Based on the above it should be necessary to consider that for most CPTII deficiency patients the current guidelines on carbohydrates intake may not be adequate for the prevention of muscle conditions due to the disease, or for satisfying the metabolic requests of fat oxidation, potentially decreasing the already compromised mitochondrial transport capacity. Other possible nutrient ratios need to be investigated, especially as regards carbohydrates Vs proteins (e.g., 50–55% carbohydrates and 25–30% proteins) as described by Scott et al. (1991), maintaining fats intake at 20% of energy (considered the minimum fats intake to ensure adequacy for essential FAs and fat-soluble vitamins) (Harcombe, 2019). Reducing the carbohydrates content of the diet, by replacing a part of carbohydrates with proteins, may have several positive effects: (1) decreasing both hyperglycemia and hyperinsulinemia, due to different glycemic regulation of proteins compared to carbohydrates (Phillips et al., 2020); (2) increasing fatty acid oxidation in skeletal muscle, reducing muscle fat deposition and preventing insulin resistance (Phillips et al., 2020); (3) stimulating muscle protein synthesis (Phillips et al., 2020) to support muscle recovery after MIIT and RT; (4) generating a part of glucose, via gluconeogenesis, but in a slower way than directly from the carbohydrates (Phillips et al., 2020). Recommendations to use carbohydrates-concentrated foods, snacks, sports bars or liquid beverages should remain limited to MIIT and/or RT sessions (before, during and soon after), with the aim of supporting exercise time-related energy delivery (Parimbelli et al., 2021).
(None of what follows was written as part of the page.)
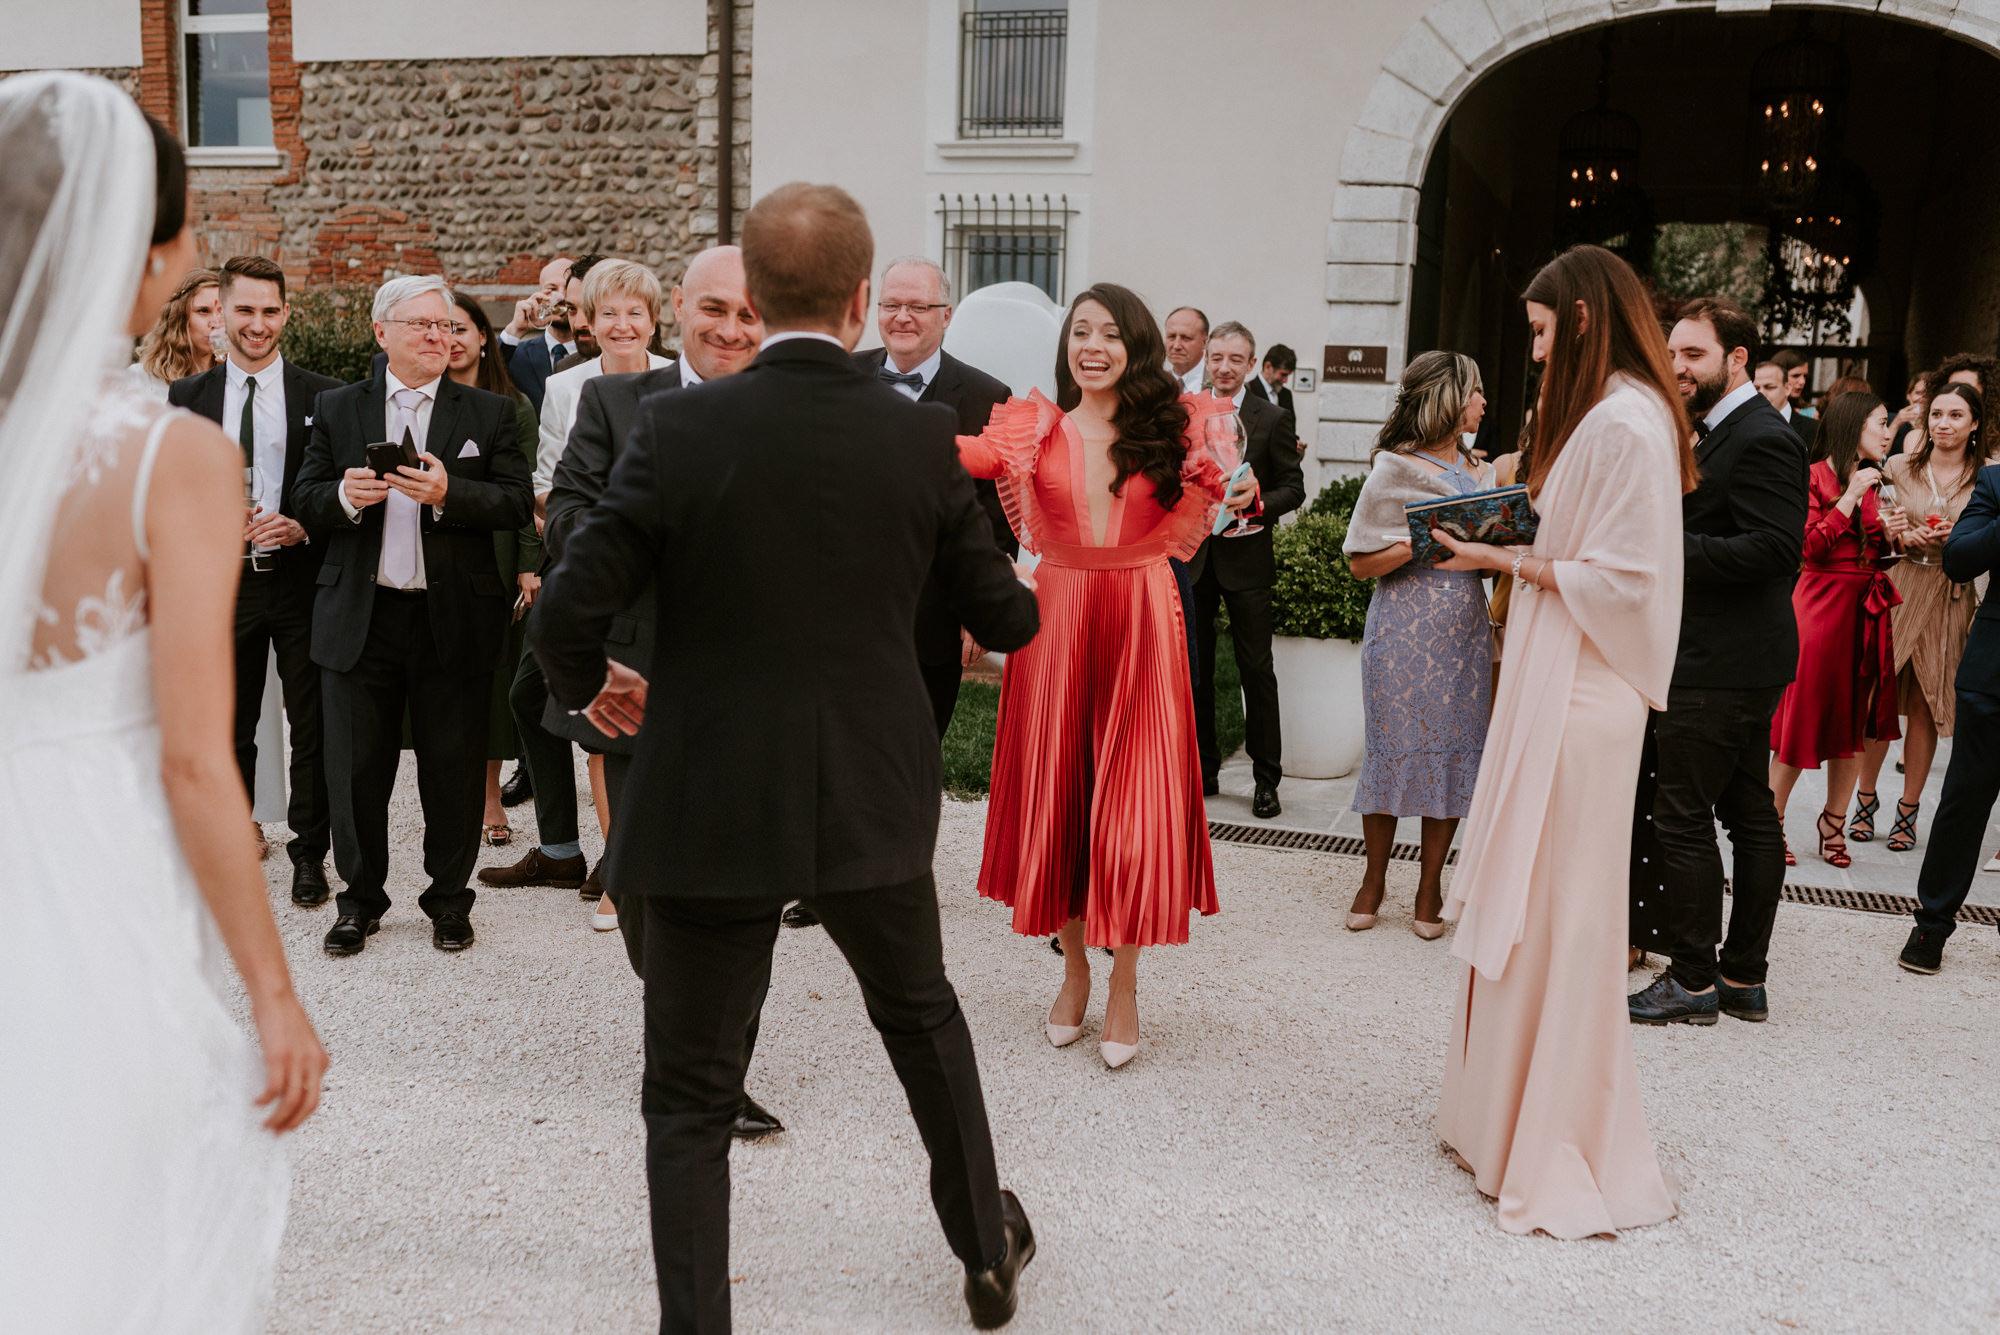 FOTO+PHOTO+BODA+WEDDING+ITALIA+ITALY+MAURICIO+GARAY+MAURICIOGARAY+WEDDINPHOTOGRAPHER+FOTOGRAFODEBODA-1384.jpg

Potential Supplements in CPTII Deficiency
Apart from some attempts based on the use of fibrates (Djouadi and Bastin, 2008; Bonnefont et al., 2010), at present there are no approved drugs for the treatment of the disease. This has led researchers to speculate on possible adjuvant approaches based on the use of dietary supplements. Some compounds have historically been suggested to support lipid metabolism (i.e., carnitine, medium chain triglycerides), with the aim of positively impacting on the frequency of muscle events, although the literature shows concerns and/or conflicting positions on this matter (Roe et al., 2008; Gnoni et al., 2020; Sawicka et al., 2020). Other supplement categories (e.g., creatine, essential amino acids, etc.) with strong evidence in muscle health/performance, but not conventionally used in CPTII deficiency and only speculative at this stage, could instead be potentially proposed to promote muscle bioenergetics and remodeling and/or to manage clinical symptoms in these patients (Table 1).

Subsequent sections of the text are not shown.